Du vent! : Quand le verbe se fait chair
Scène

Du vent! : Quand le verbe se fait chair

L’œuvre multidisciplinaire Du vent! investira le Studio de l’Agora dans le cadre du 11e Festival International de Littérature. Une création de l’écrivaine et critique Aline Apostolska.

Kafka disait: "Écrire est mettre quelque chose à l’abri de la mort." Pour Aline Apostolska, dont l’amour des mots a jusqu’ici donné le jour à plus d’une vingtaine de romans et récits, écrire est aussi "survivre à sa mort". Nous l’avons jointe à Paris – où elle était de passage – afin qu’elle nous explique comment elle s’y était prise pour aller un pas plus loin, c’est-à-dire pour incarner le mouvement du texte dans le corps dansant.

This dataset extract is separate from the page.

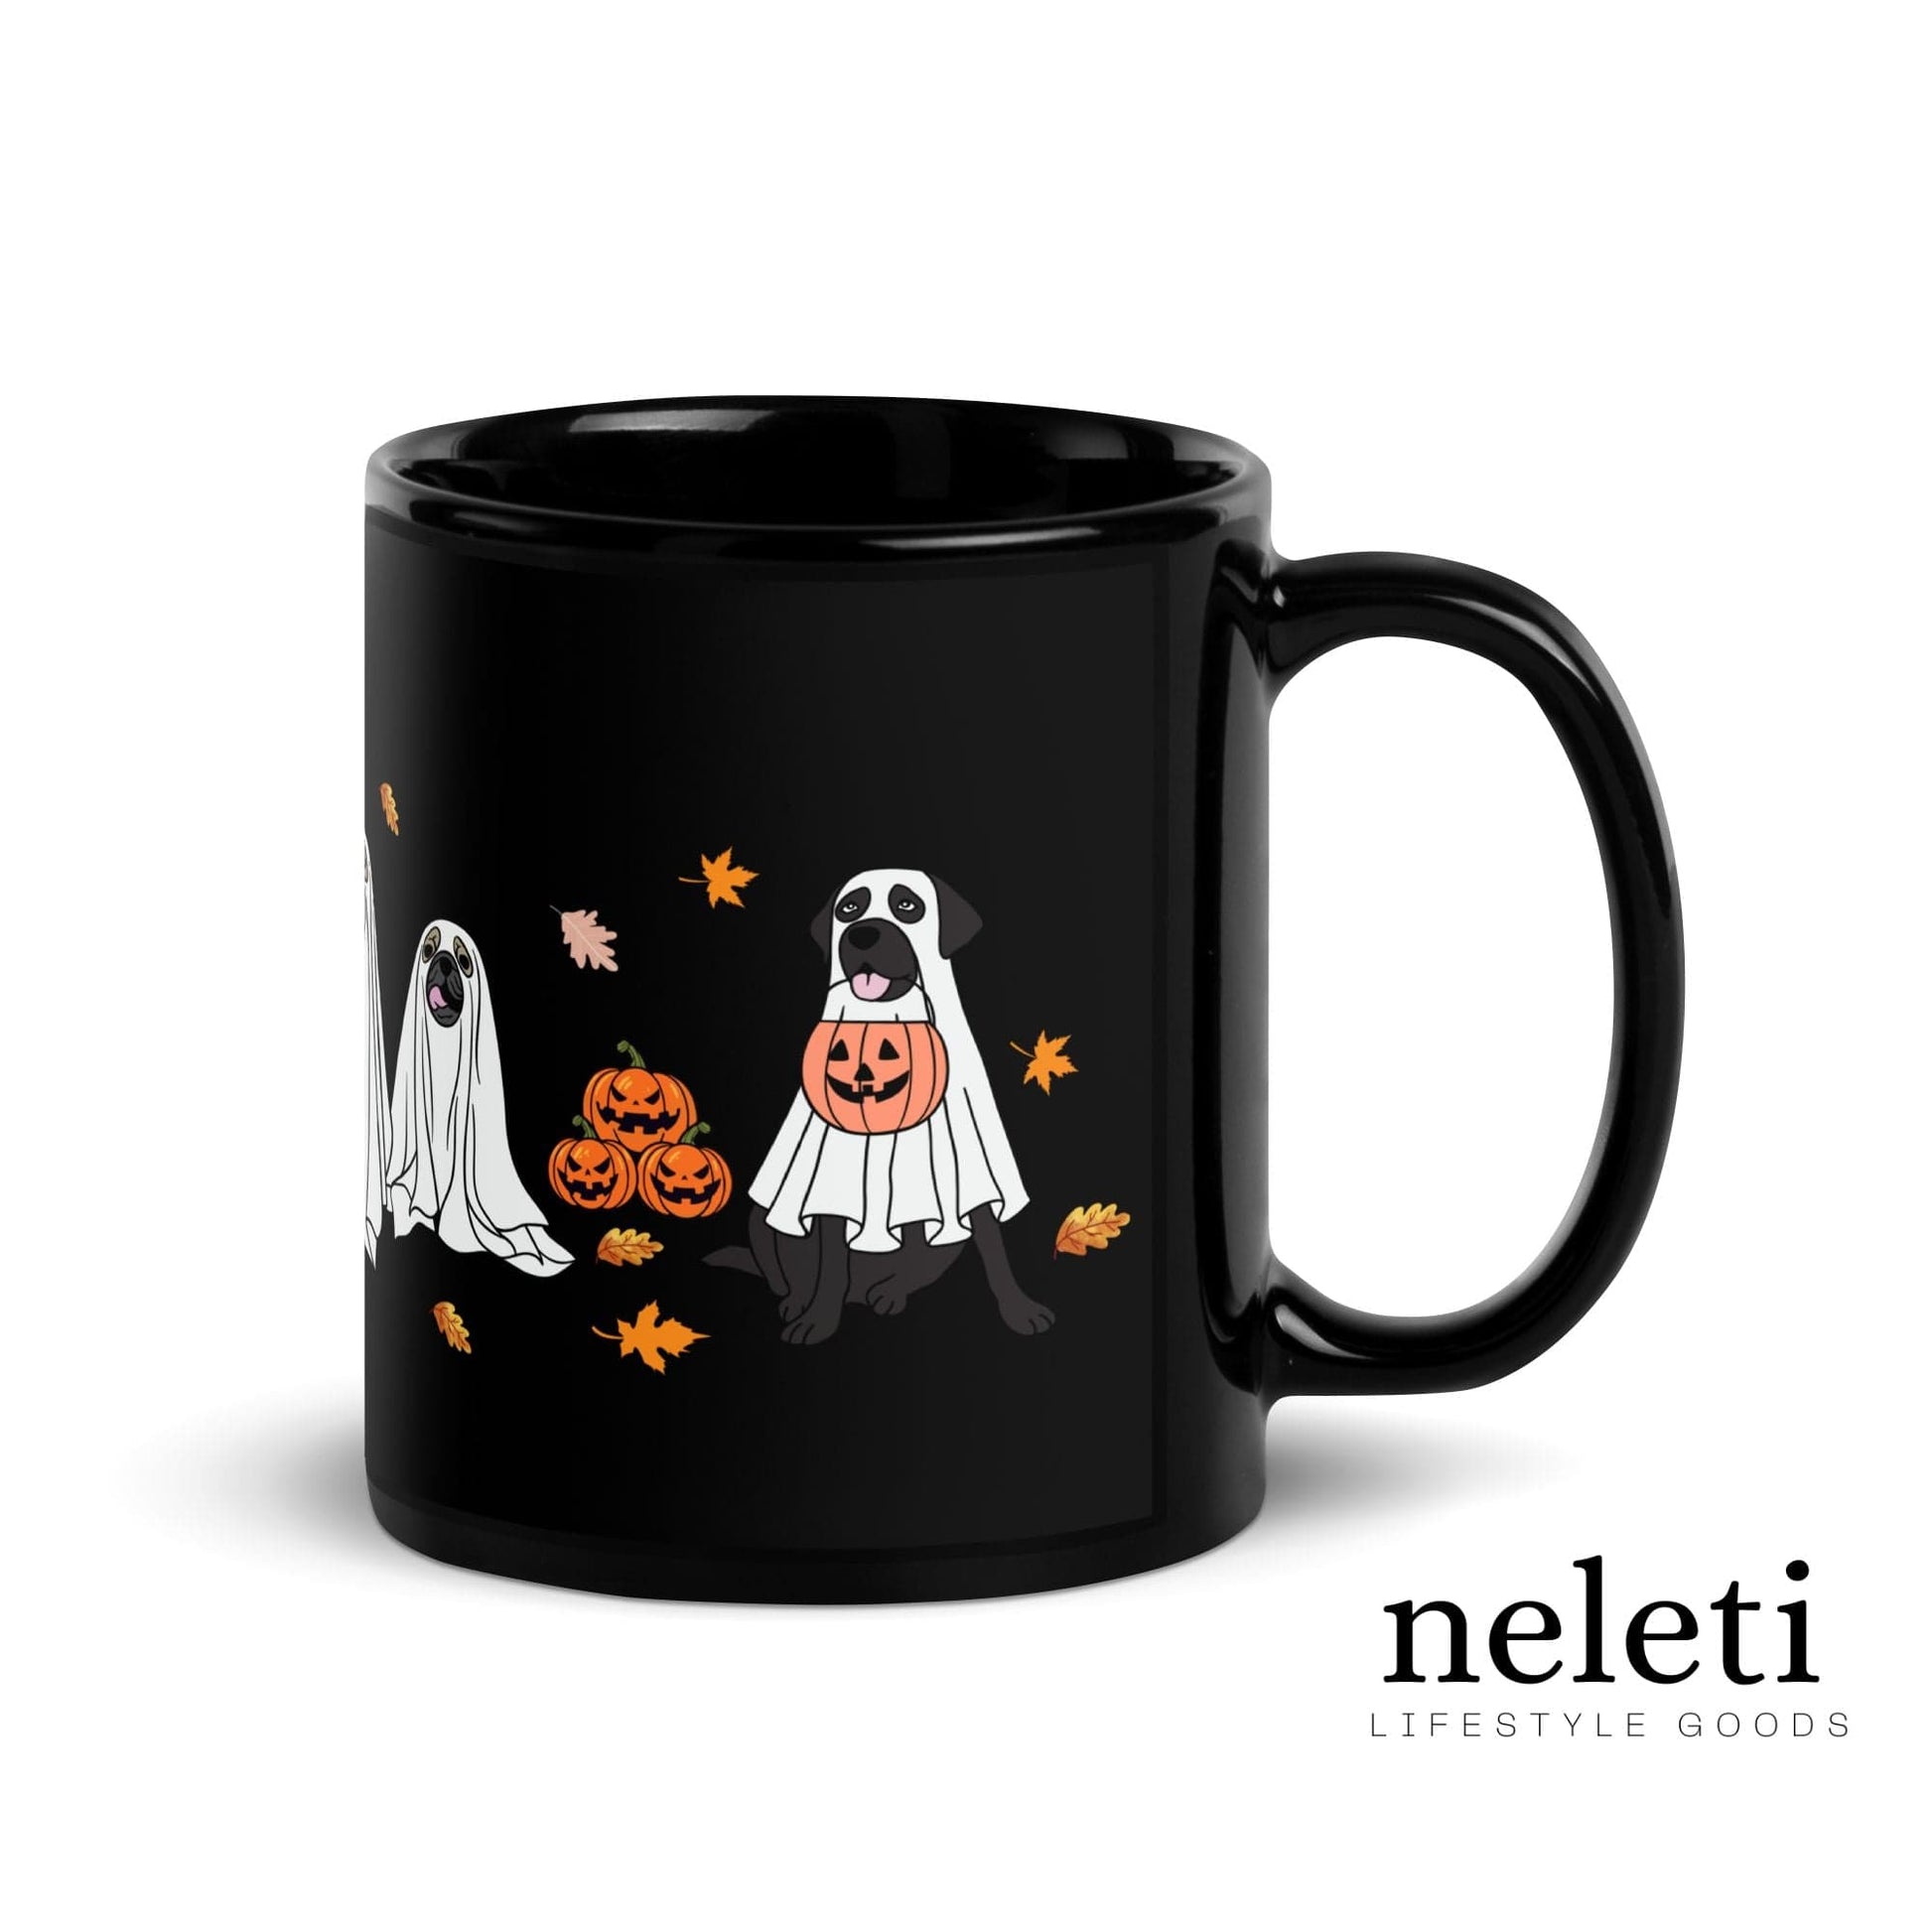 neleti.com-haloween-mug-for-dog-lovers

"J’aime bien dire que les mots partent du ventre pour aller au ventre. Si je me souviens bien, Jean-Pierre Perreault disait ça, lui aussi. Cela veut dire qu’on écrit avec son corps, sa chair, que les mots s’inscrivent d’abord dans le corps et qu’ils sont aussi reçus par le corps du lecteur." Mais si l’écriture est d’abord un geste pour l’écrivaine d’origine yougoslave, elle ne prétendait pas pour autant s’improviser chorégraphe dans le cadre de ce projet dont elle a eu l’initiative il y a moins d’un an. C’est pourquoi, après avoir eu le feu vert de l’Agora et du FIL, elle s’est tournée vers une jeune chorégraphe du milieu, Hinda Essadiqi, pour traduire gestuellement son univers littéraire. Plusieurs se demanderont: pourquoi ce choix?

"Comme critique de danse, j’ai l’occasion de voir le travail de beaucoup de créateurs du domaine. J’ai donc vu quelques pièces d’Hinda. Ce qui m’a séduite chez elle, c’est le côté fluide et friable de son univers. Ça m’interpellait. D’autre part, toute la pièce que nous avons créée ensemble se déroule dans un désert symbolisant le vide, l’imaginaire. Or, cette métaphore était au départ très parlante pour la jeune chorégraphe, étant donné ses origines maghrébines."

Outre cette précision spatiale, la représentation respecte une certaine unité de temps: tout se déroule à l’intérieur d’une journée, soit de l’aube à l’aube. La structure est donc narrative et chaque détail temporel sur lequel l’écrivaine a mis l’accent se charge d’une poésie qui permettra au spectateur d’accéder progressivement au questionnement fondamental de l’œuvre d’Aline Apostolska. C’est-à-dire un questionnement principalement axé sur le féminin, mais aussi sur les notions de métissage, de migration, d’éternité, de précarité, de mémoire et de transmission.

Transposer son propre univers littéraire à la scène comportait-il des contraintes? "Bien sûr! Car à l’écrit, tout est possible. Par exemple, si je veux que vous imaginiez un désert de sable, je n’ai qu’à l’écrire, et voilà! Alors que sur scène, pour X raisons, mon désert de sable n’était plus possible. Il a donc fallu le suggérer. Mais il n’y a pas que des contraintes. Cette expérience nouvelle m’a permis de faire aussi des constatations fort intéressantes. Entre autres, qu’il existe une nette opposition entre une équipe de production et la solitude de l’écrivain. Or, voir les choses sous un autre angle m’a permis de m’apercevoir que ça prenait énormément d’humilité pour accepter de se taper autant de boulot pour si peu de représentations… Ce qui est le lot des artistes en danse."

Pour l’accompagner sur scène, Aline Apostolska a fait appel à trois autres interprètes: Ghislaine Doté (danse et musique), Elisabeth Langley et Philip Szporer (qui récitera un texte inspiré de l’univers de l’écrivain palestinien Mahmoud Darwich). Et pour l’assister dans cette production, elle s’est entourée de la vidéaste Marlene Millar, du concepteur d’éclairages Thomas Godefroid et d’un ancien confrère de travail à Radio-Canada, Winston McQuade, à qui elle a confié la conception des décors.